Cette gauche hors-sol continue de plus belle à se parer des plumes du ridicule. Pas un jour sans que de leurs rangs ne sorte une nouvelle énormité, laquelle sert bien évidemment les intérêts du RN, qui n'en demandait pas tant et s'en amuse. Lorsqu'on n'a aucune prise sur le réel, on passe sa vie à se palucher sur l'utilisation de certains mots, et de prendre des grands airs effarouchés avec un missel de bien-pensance dans les mains. Jésus Marie Joseph, que ces mots-là sont vils, vite, de l'eau bénite pour mes chastes oreilles !
On en est arrivé à ce que la simple évocation d’une politique encourageant la natalité, qui sauf à ce qu’on me dise le contraire ne peut guère sauf à la marge nous dit-on qu’éclore dans les ventres maternels multi-culturels de femmes françaises, fasse scandale. Quel verbe eût-on dû employer pour passer sous les fourches caudines de la sempiternelle accusation de xénophobie ? Je n’ai pas entendu que le sieur Chenu ne s’adressait qu’aux blanches colombes : nos futures mères françaises d’origine maghrébines avaient-elles été exclues de sa proposition ?
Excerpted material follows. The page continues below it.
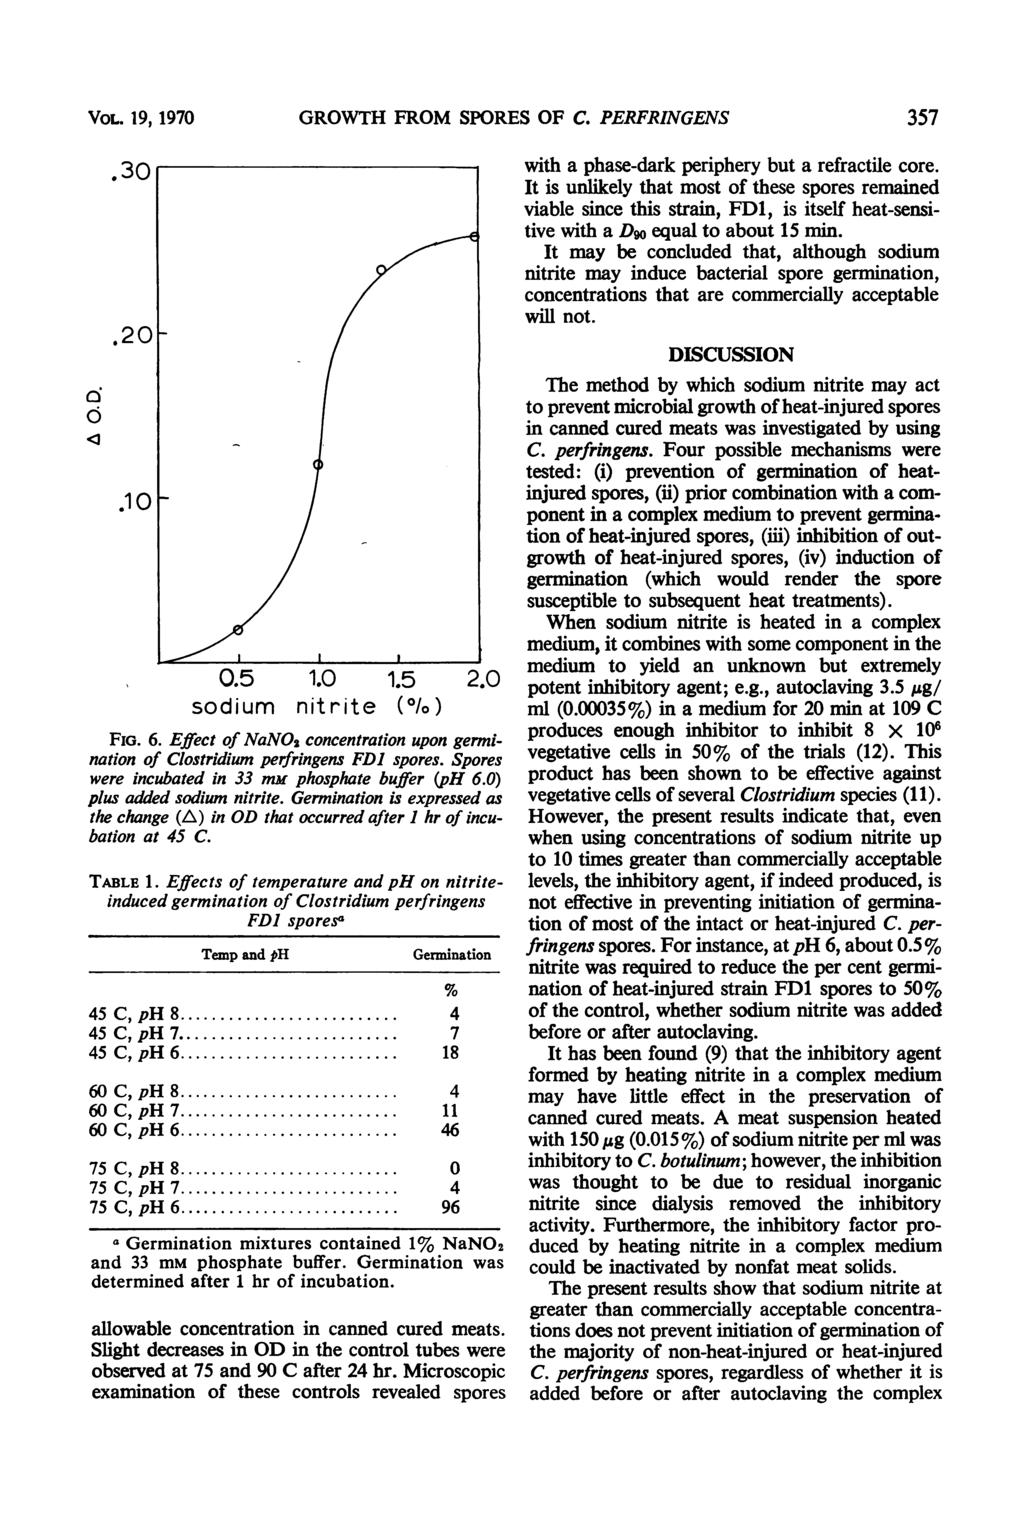 VOL. 19, 1970 GROWTH FROM SPORES OF C. PERFRINGENS 357 ci 0.5 1.0 1.5 2.0 sodium nitrite (0/) FIG. 6. Effect of NaNO, concentration upon germination of Clostridium perfringens FDI spores.

Quant à cette éruptive admonestation quant à l’utilisation du mot « travailleur » en lieu et place d’« enfant », là encore, qu’on m’explique en quoi l’approche humaniste de ces Dames se combine avec le réel dont elles se disent être les vertueuses messagères : hormis ces enfants rentiers qu’elles disent exécrer, connaissent-elles en ce monde quelque adorable bambin qui n’ait pour unique horizon de travailler ? Auraient-elles pour ambition de transformer notre monde en un immense jardin d’acclimatation peuplé de licornes pétant des paillettes ?
Cette gogoche est vraiment devenue le nouveau clergé, celui qui distribue osties et fessées dans un confessionnal imaginaire. Un clergé composé de précieuses ridicules. Ruffin ou David Guiraud de LFI, qui tous deux font sur le terrain et dans l'hémicycle un excellent travail d'opposition, doivent passer leur temps à hausser les épaules devant les provocations débiles émanant de leur propre camp. Lesquelles provocations sont comme une bénédiction pour le parti à la flamme de Marine Le Pen. Parti auquel à chaque fois qu'elle ouvre le bec cette gourgandine de Sardine fait la courte échelle.